# Message #1840

From: Andrew Gould <agould@uwm.edu>

Subject: RE: [MC4D] Re: State graph of MC2D

Date: Wed, 03 Aug 2011 13:06:00 -0500

oops, speaking of link problems, if you click the link, it doesn’t give you

a left side. Copy & paste http://kociemba.org/cube.htm. Also, by

‘rotations’ and ‘reflections’ I mean applying them to the whole puzzle.

–

Andy

From: 4D_Cubing@yahoogroups.com [mailto:4D_Cubing@yahoogroups.com] On Behalf

Of Andrew Gould

Sent: Wednesday, August 03, 2011 12:54

To: 4D_Cubing@yahoogroups.com

Subject: RE: [MC4D] Re: State graph of MC2D

Hi David,

Herbert Kociemba (part of the cube20.org group) used this ‘reducing by

symmetries’ to solve god’s number is 20. It cut the number of states they

had to solve by a factor of about 39.7. So it’s quite practical. He didn’t

call it ‘recoloring’ though….

He defined a ‘symmetry’: a combination of rotations or a combination of

rotations with a reflection.
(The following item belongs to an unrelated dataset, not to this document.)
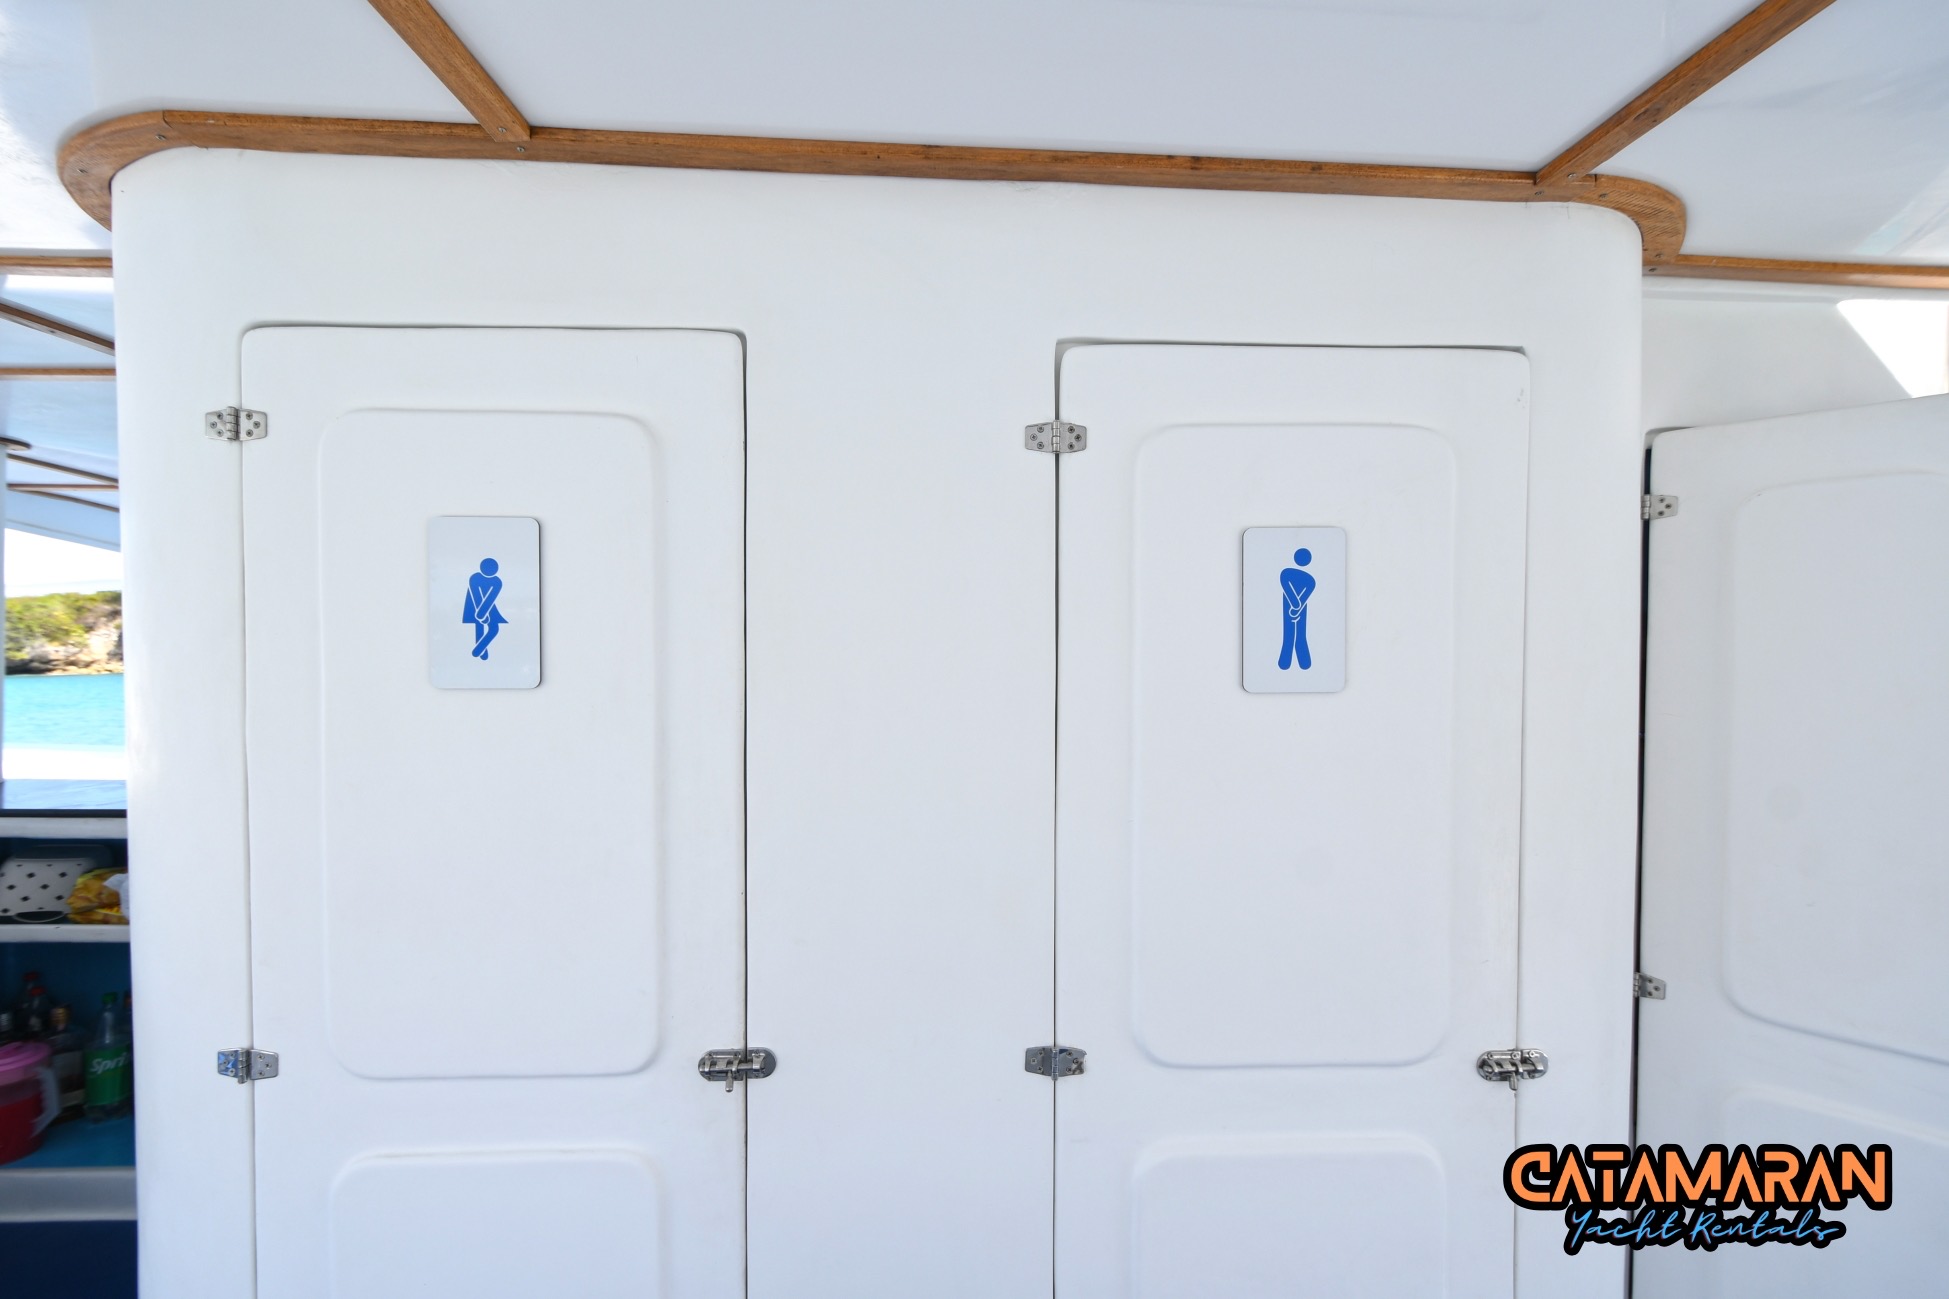 His and Hers bathrooms
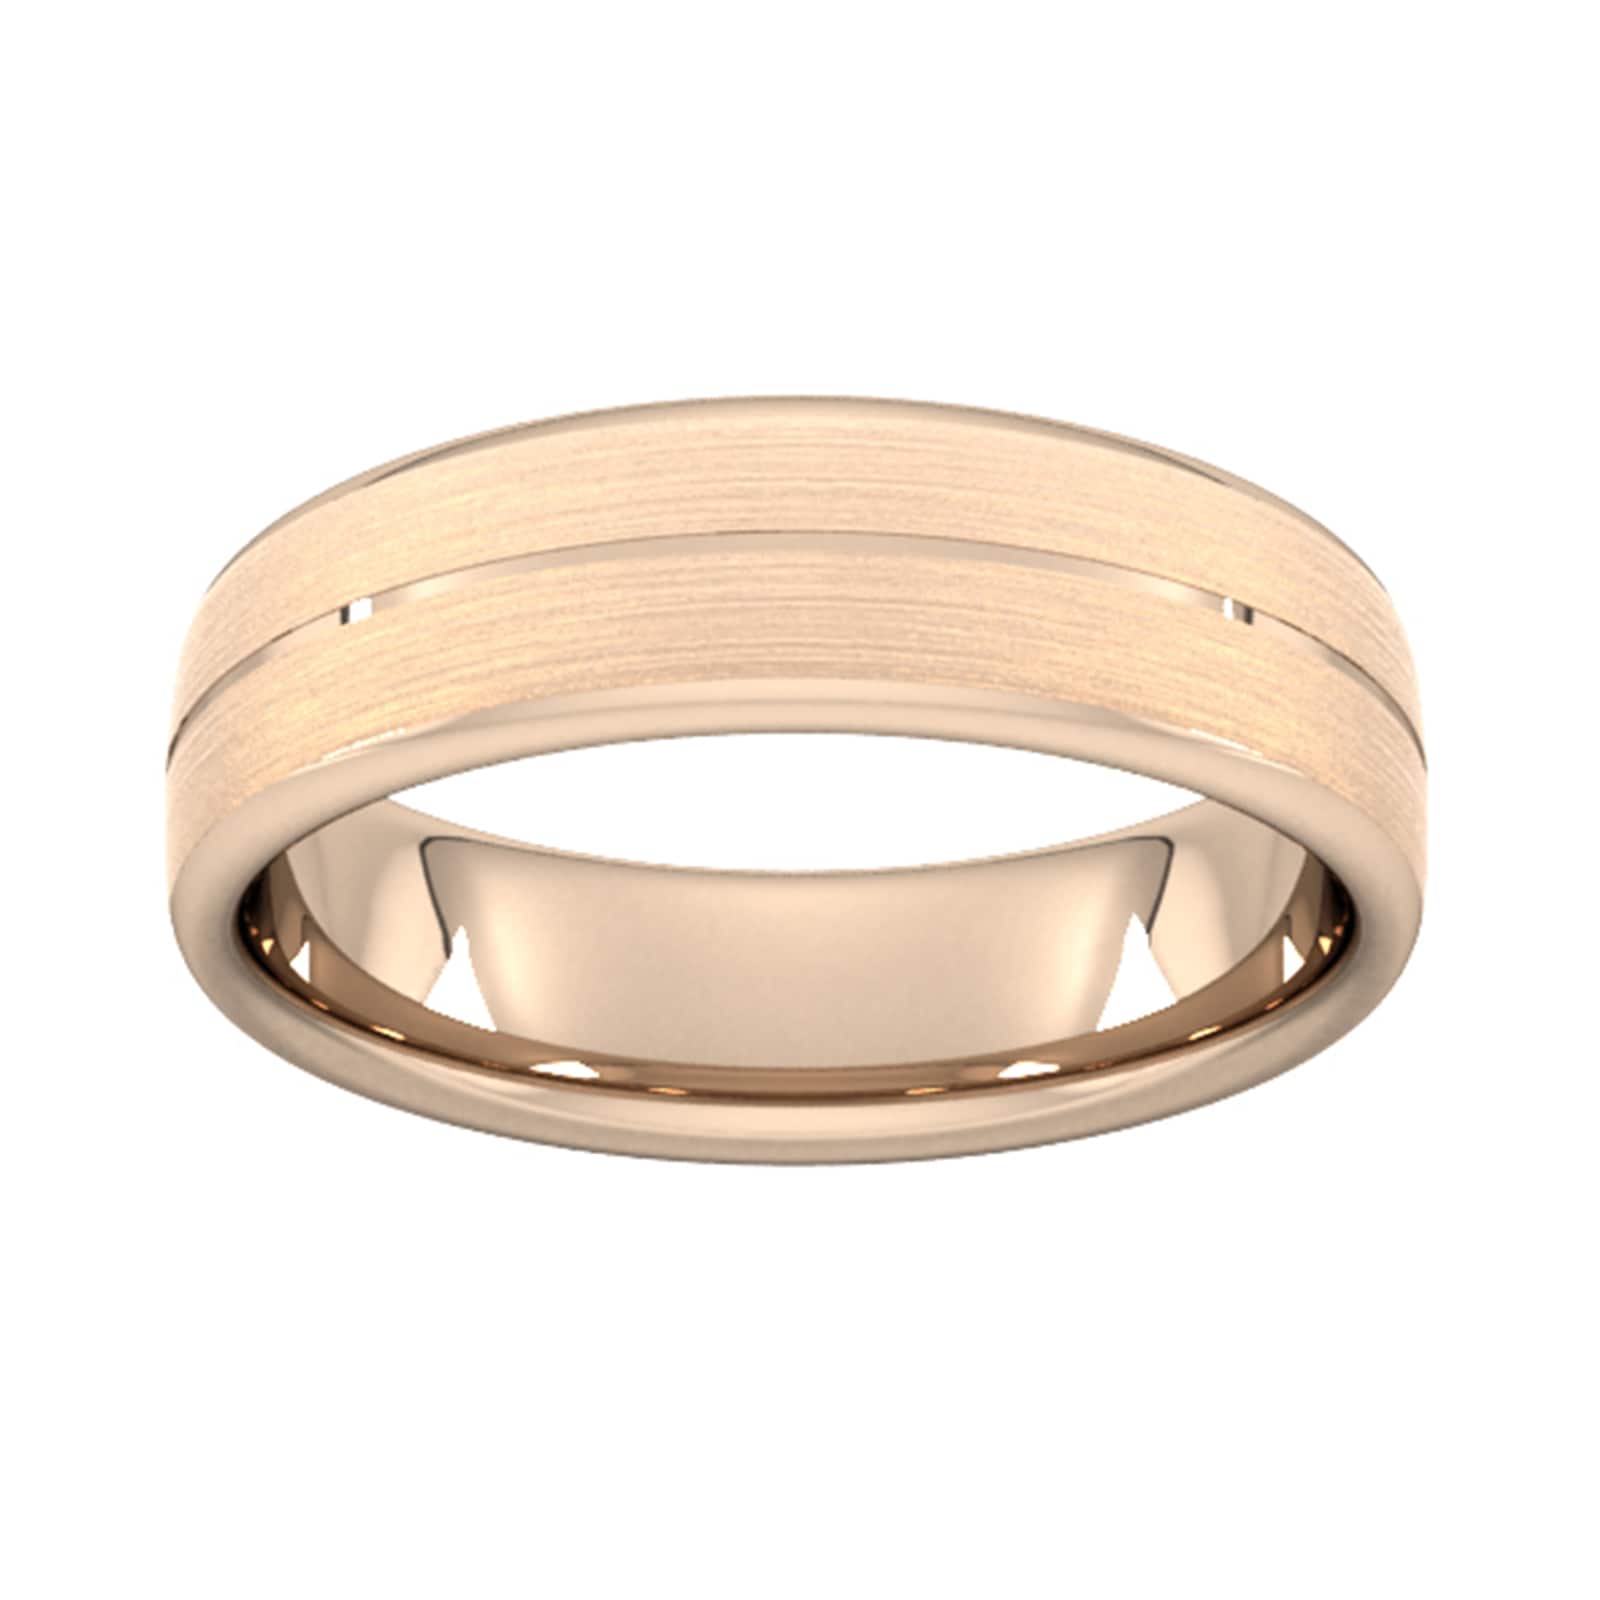 6mm Slight Court Standard Centre Groove With Chamfered Edge Wedding Ring In 9 Carat Rose Gold - Ring Size P

Each symmetry, S has a unique inverse S’, and

the double inverse, S’’ = S. Two states, j and k are then said to be

equivalent if there exists a symmetry such that j = SkS’. I look at it as

conjugating by symmetries only.

For details, go to http://kociemba.org/cube.htm, then on the left side under

‘The Mathematics behind Cube Explorer’, click ‘Equivalent Cubes and

Symmetry’.

–

Andy